Instrumental convergence is the second of the two theses in Nick Bostrom’s 2012 paper “The Superintelligent Will.” It holds that “agents having any of a wide range of final goals will pursue similar intermediary goals because they have instrumental reasons to do so.” Whatever an agent ultimately wants, certain sub-goals are useful for almost any objective, so a sufficiently capable agent will tend to adopt them regardless of what it was built to do.
Bostrom identifies several of these convergent instrumental goals. Self-preservation: an agent that is shut down cannot achieve its goal, so it has reason to stay operational. Goal-content integrity: an agent has reason to resist having its goals changed, since a future version with different goals would pursue different things. Cognitive enhancement: being smarter helps achieve almost any goal. Technological perfection: better tools and methods make goals easier to reach. And resource acquisition: matter, energy, and computing power are useful for nearly any end, which is why even an agent with a modest-sounding goal might seek far more resources than expected.
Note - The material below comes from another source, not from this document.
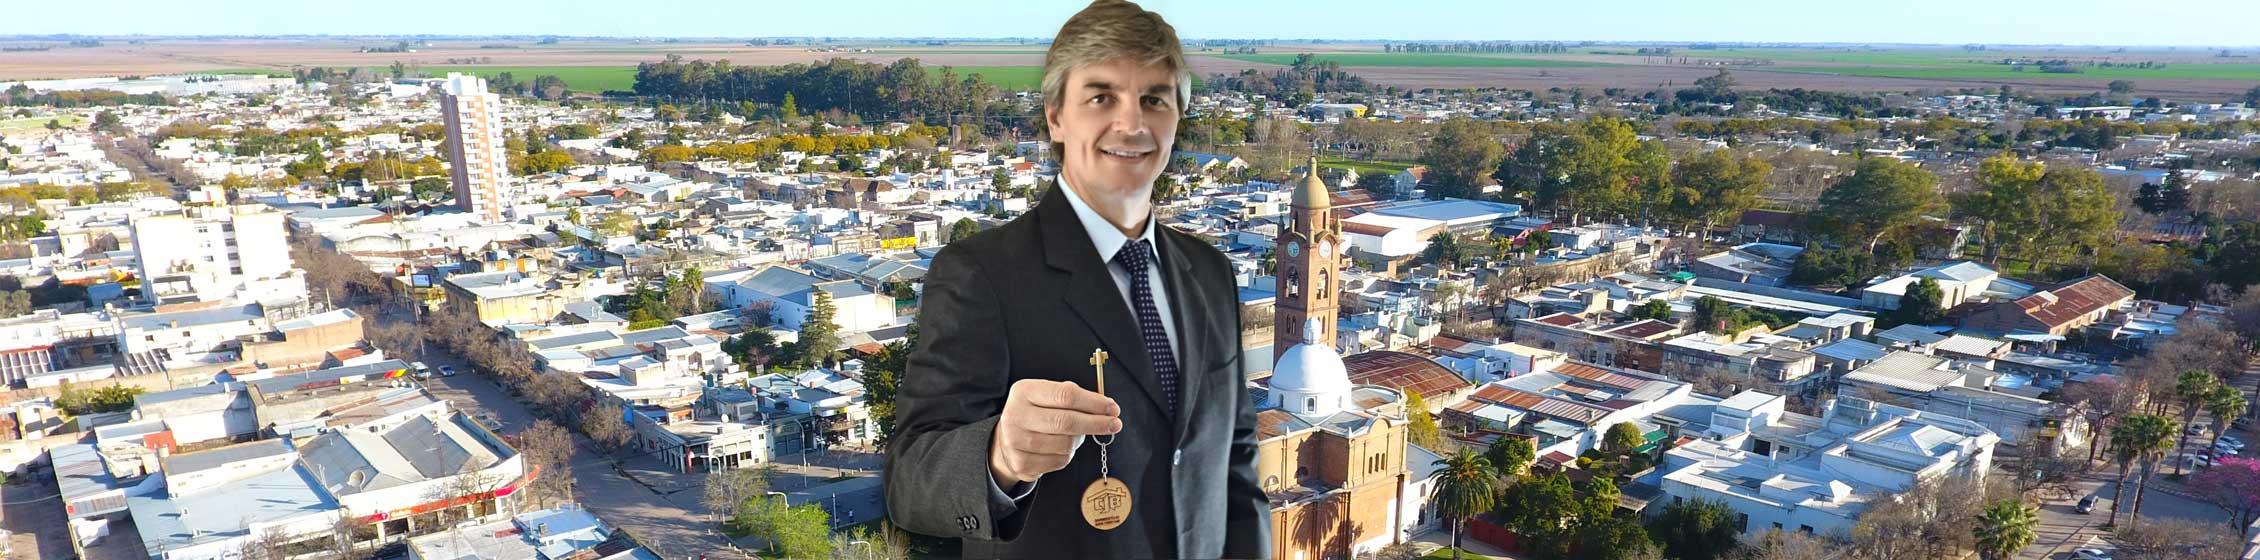 Cristian Balbo Inmobiliaria

The unsettling implication, when combined with the orthogonality thesis, is that you can predict some of a powerful system’s behavior even if you know nothing about its specific final goal. An advanced agent optimizing hard for almost anything would, by default, tend to resist being turned off, resist having its objective edited, and try to acquire resources - behaviors that could put it in conflict with the humans operating it. This argument is closely related to Steve Omohundro’s earlier “basic AI drives” and underpins much of the technical work on corrigibility and control.
Why business readers should care: a system told to maximize a narrow metric may, if capable and autonomous enough, take broad actions in service of that metric that its operators never intended. The lesson is to constrain what an automated optimizer is allowed to do, not just what it is told to want.